The first tomb to be discovered in the Valley of the Kings since King Tut’s is raising new questions for archaeologists about ancient Egypt’s burial practices.

It is barely 7:30 a.m. in the Valley of the Kings, and tourists are already milling just beyond the yellow police tape like passersby at a traffic accident. I step over the tape and show my pass to a guard, who motions for me to climb down a wooden ladder sticking out of a small, nearly square hole in the ground. Eighteen feet down a vertical shaft, the blazing Egyptian sun is gone, the crowd’s hum is muted and the air is cool. In a small chamber lit by fluorescent lamps, a half-dozen archaeologists are measuring, drawing and gently probing relics in the first tomb to be found in the Valley of the Kings, more than 400 miles up the Nile from Cairo, since the resting place of King Tutankhamen was discovered here 84 years ago.

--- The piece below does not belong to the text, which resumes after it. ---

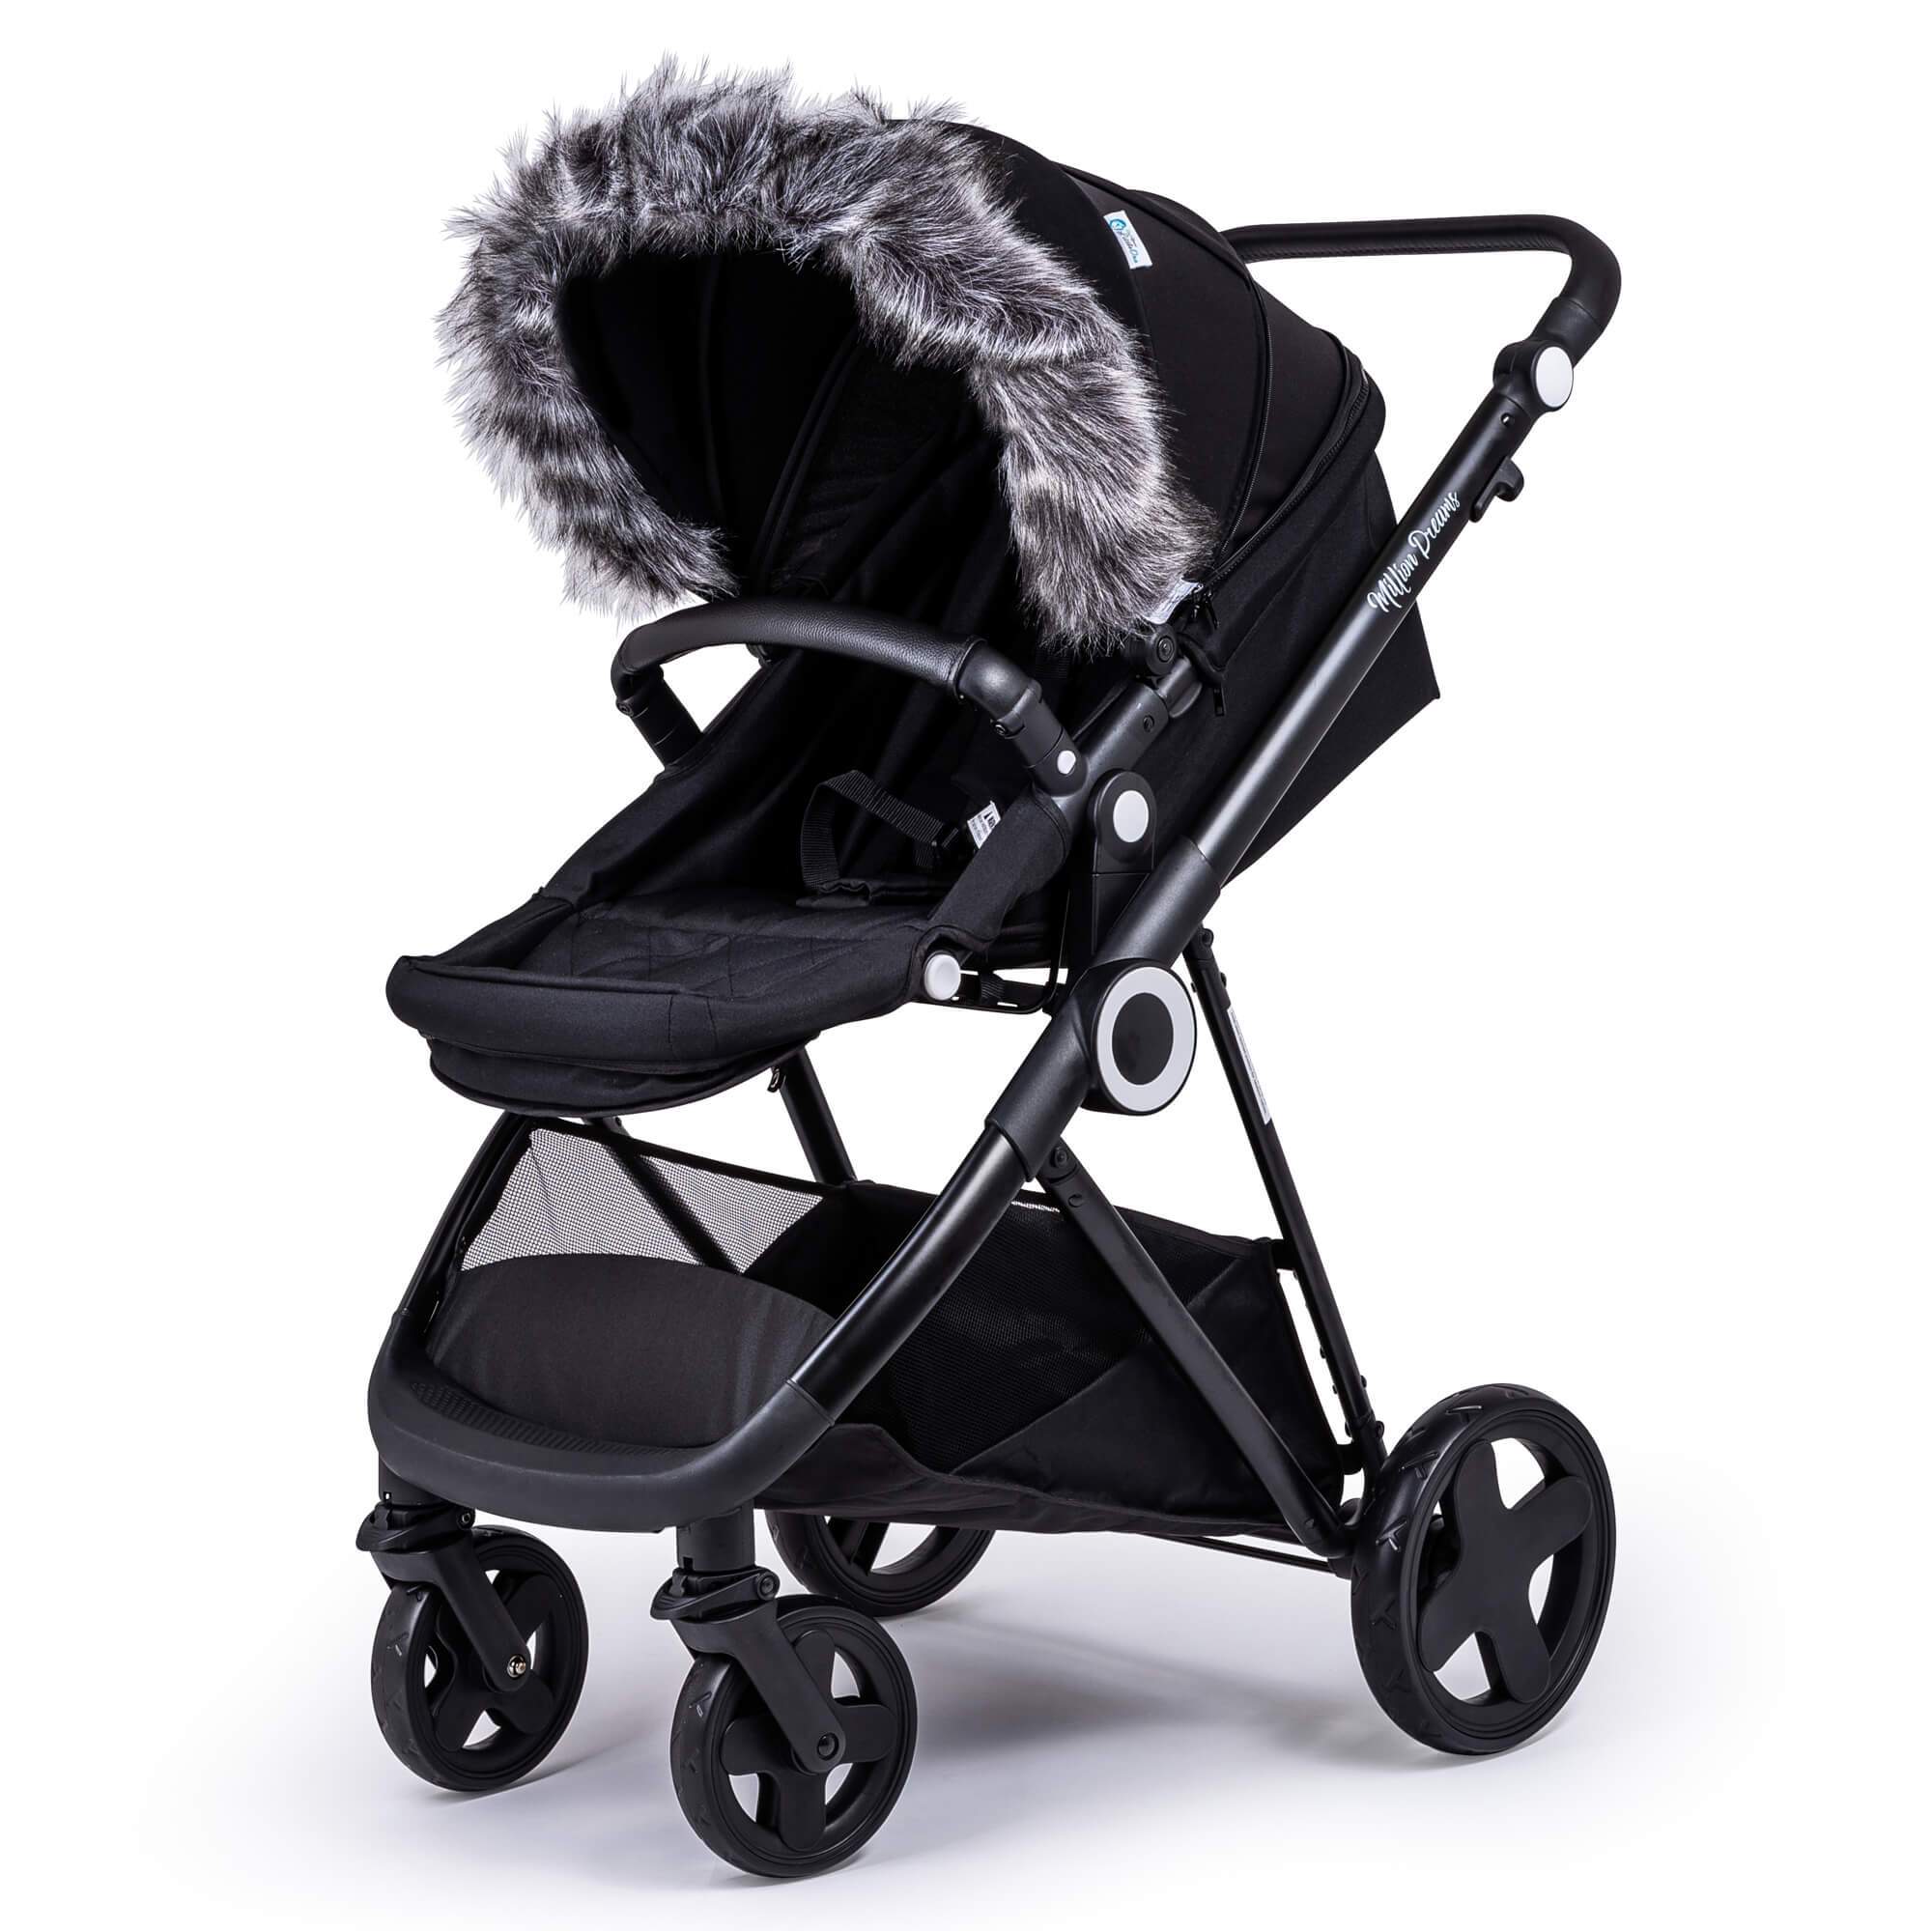 Pram Fur Hood Trim Attachment for Pushchair Compatible with Little Shield - Dark Grey / Fits All Models | For Your Little One

A jumble of seven wooden coffins of various sizes fills one corner of the room. Termites have turned parts of some of them into powder, while others have suffered only a thin layer of dust. Edwin Brock, an Egyptologist formerly at the American University of Cairo, is on his knees, cataloging the contents of a coffin filled with a strange assortment of pottery, rocks, cloth and natron—the powdery substance used to dry mummies. A couple of yards away, University of Chicago archaeological artist Susan Osgood intently sketches the serene yellow face painted on a partially intact coffin. It was likely built for a woman; men’s faces were typically rendered a sunburned red. Deeper in the pile, a child-size casket is nestled between two full-sized ones. Something resembling a pillow seems to bulge out of another casket. The 17-foot-long space, which has plain limestone walls, also holds a number of knee-high ceramic storage jars, most still sealed.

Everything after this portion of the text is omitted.